> **WHAT IS NEEDED**
Retype the material that follows exactly, limited to the lines from the one with "A man with black" through the one with "An illustration of", and keep out all pictures.

> **SOURCE MATERIAL**
== Segment start ==
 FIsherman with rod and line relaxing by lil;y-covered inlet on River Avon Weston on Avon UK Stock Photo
== Segment end ==
== Segment start ==
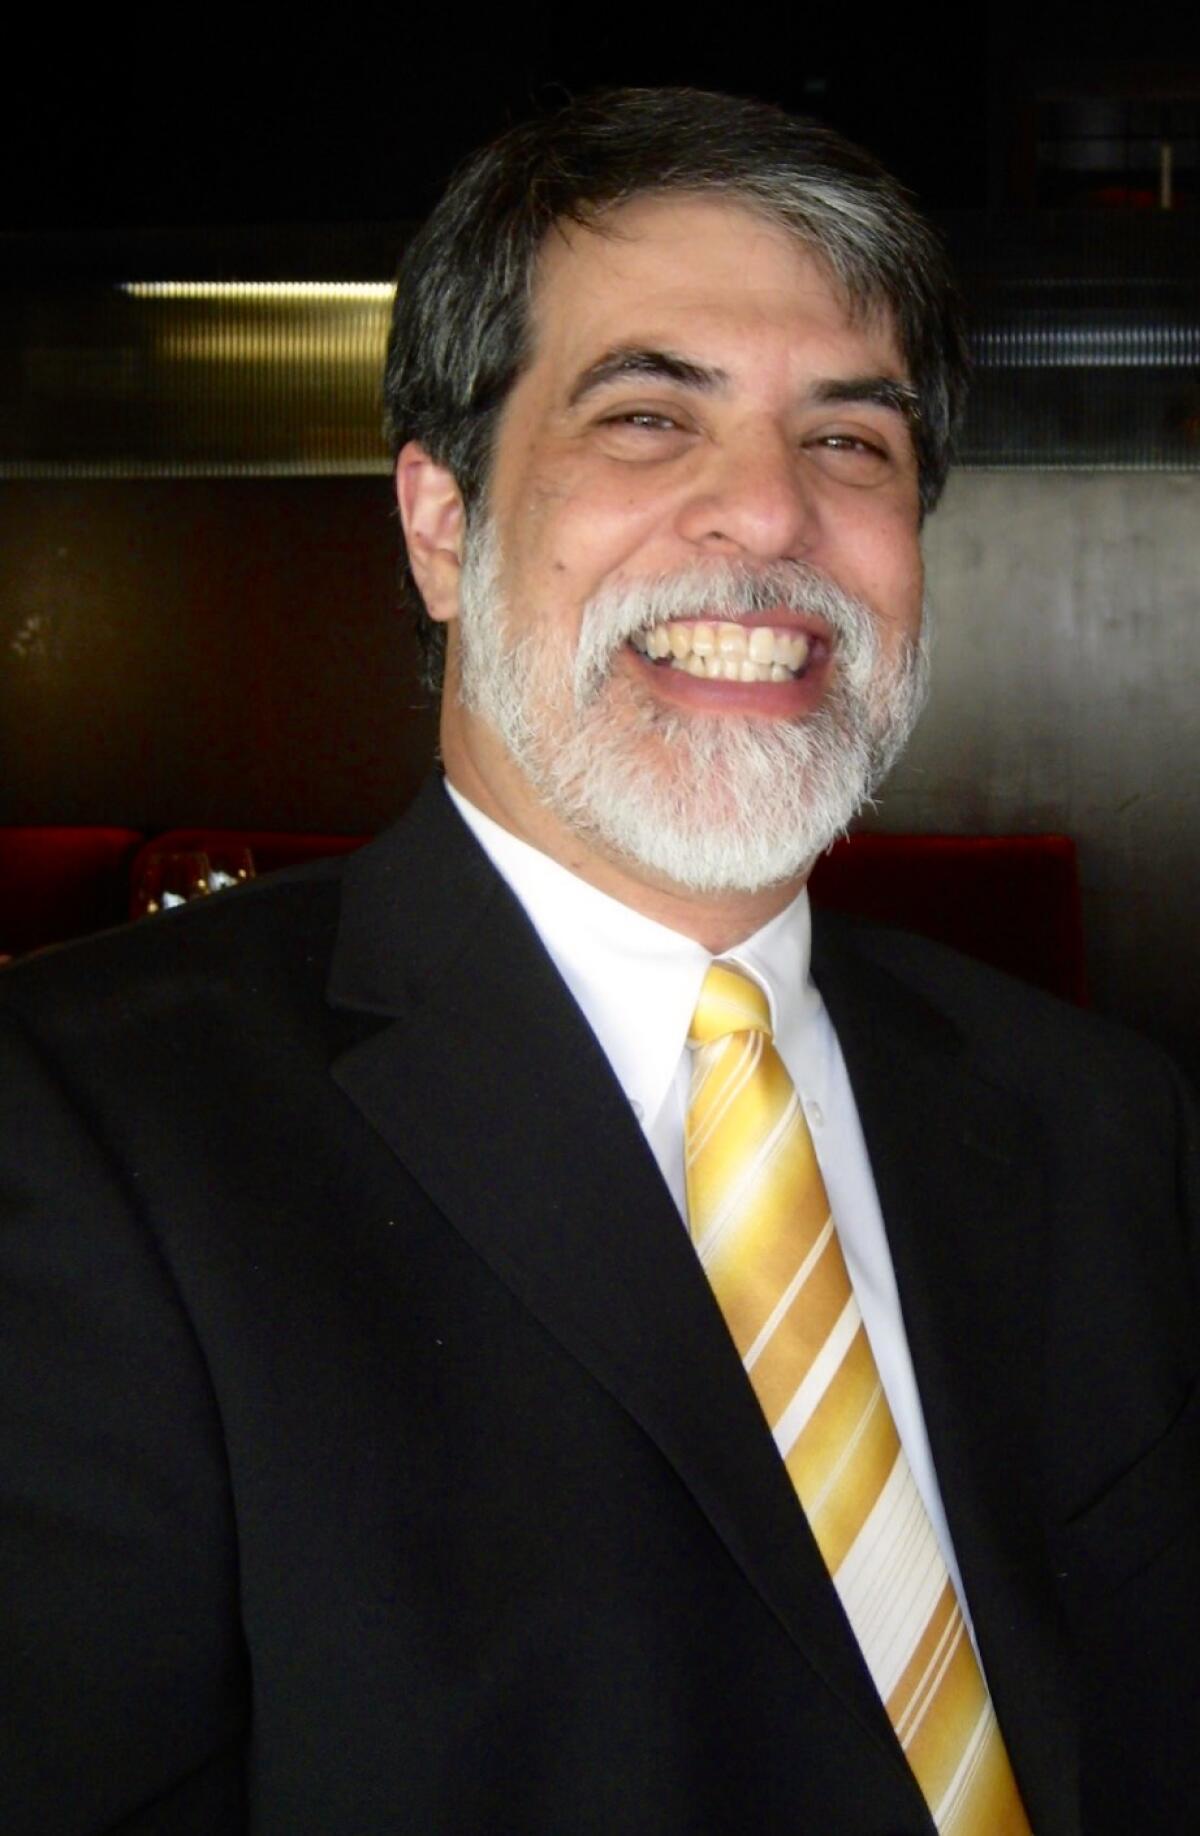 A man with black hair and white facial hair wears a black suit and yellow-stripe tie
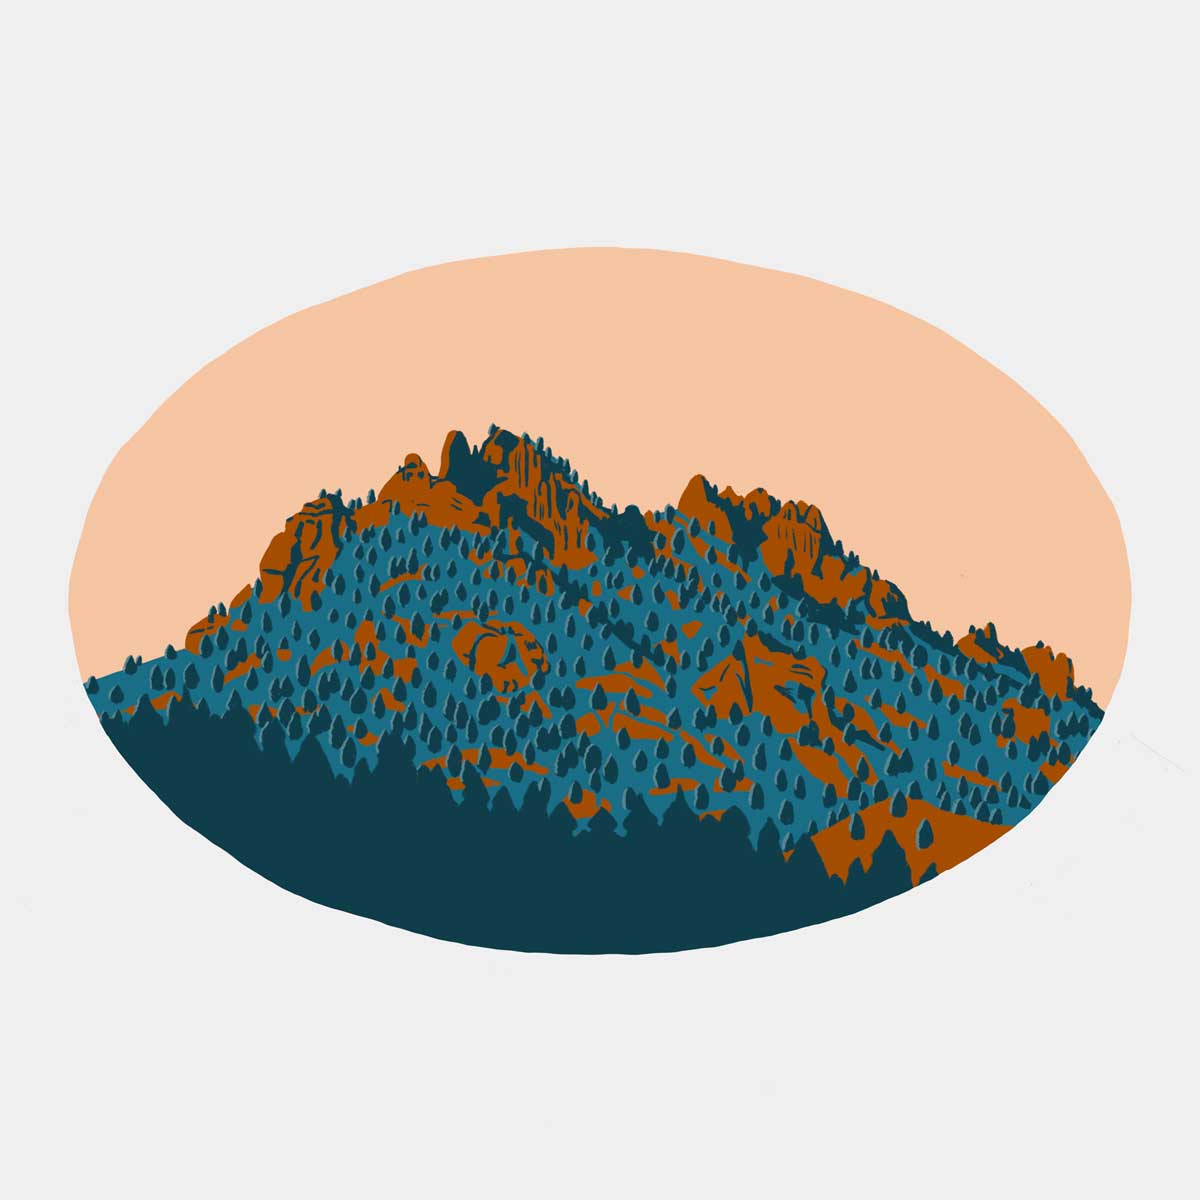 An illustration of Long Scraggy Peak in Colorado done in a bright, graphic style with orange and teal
== Segment end ==
> **REPLY TO THE TASK**
 A man with black hair and white facial hair wears a black suit and yellow-stripe tie
 An illustration of Long Scraggy Peak in Colorado done in a bright, graphic style with orange and teal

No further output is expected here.